Veteran tournament angler and Devils Lake guide Johnnie Candle hums a similar tune.

“Over many years fishing tournaments and guiding I’ve discovered that sometimes black catches fish when other colors fail. It may seem strange, but even in stained water, black casts a better silhouette for visually feeding fish,” said Candle.

“The other thing is depth. Depending on how deep you’re fishing, light might not penetrate very well to where the fish are holding so black becomes a good bait color choice—again, because of its silhouette and pronounced profile in what little light is available.”

Candle said you’ll find a lot of bass anglers throwing black, but typically in color combinations with blue, purple, or junebug—as in black-and-blue jigs, worms, etc. But straight black is just starting to come into its own, especially in the realm of walleye fishing.

“I keep black baits on the ready, whether that means paddle tails, grubs, cranks, or jigs. There are definitely times when black performs, and other colors don’t. But every situation is different,” Candle said.

The other thing? There is a forage connection. Walleyes and bass both eat bullheads (as Quinn noted above), willow-cats, leeches, dark minnows or young-of-the-year gamefish, and other black-colored critters—including insect hatches, which are largely overlooked by anglers.

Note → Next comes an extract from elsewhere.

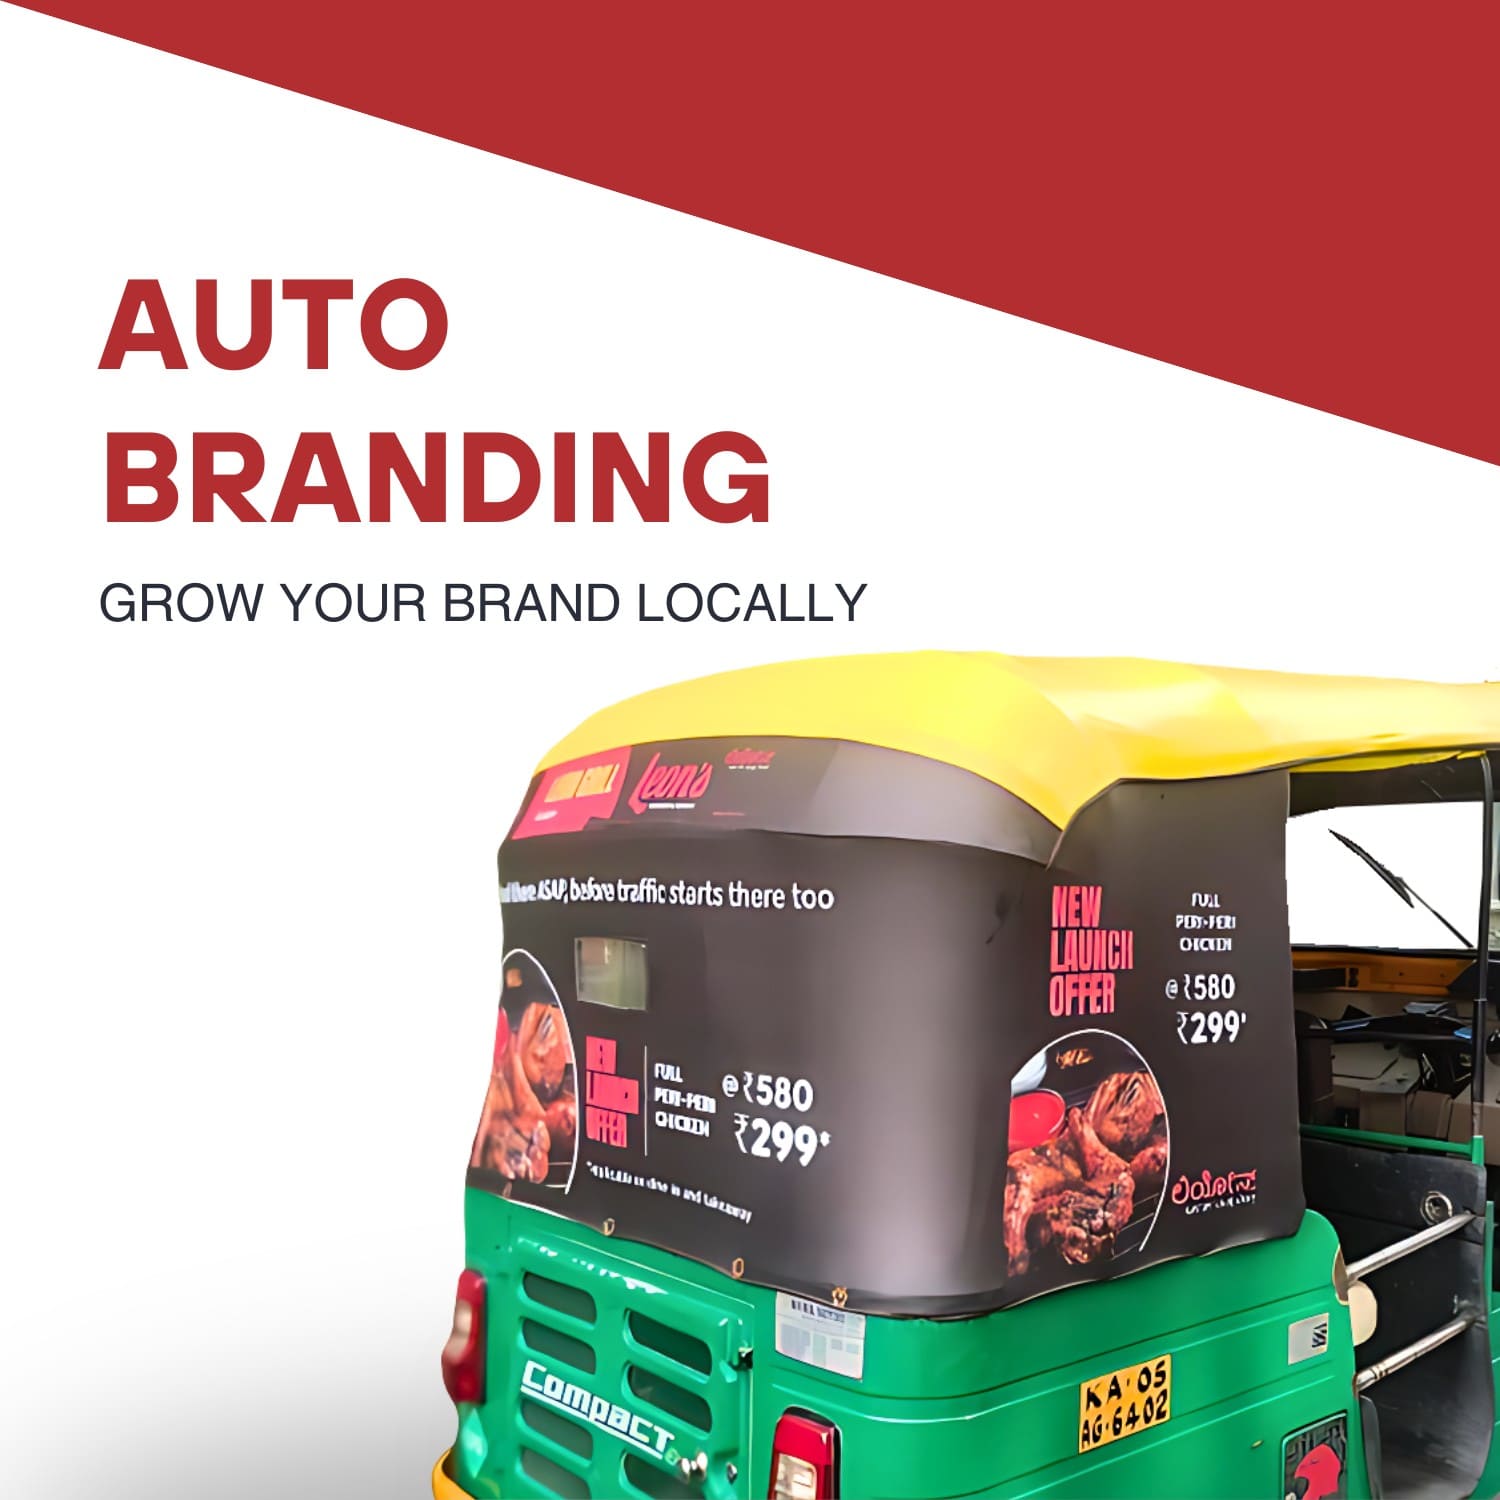 Auto Branding | Auto Rikshaw Advertising Services In India

“When we get bug hatches out here at Devils Lake, North Dakota, the stuff that floats to the water’s surface is black, whether that’s dragonfly larvae or actual dragonflies and any of the other bug hatches we experience throughout the season. When I clean clients’ walleyes at the end of the day sometimes the stomachs are literally swollen with these bugs so they’re definitely keying into these black critters as a food source,” Candle said.

Parting Words

Have a Crayola box of different-colored baits in your boat? Do yourself a favor and pick out the black ones and put ‘em in a separate box and spend some time fishing them this season. You might just be surprised at the results.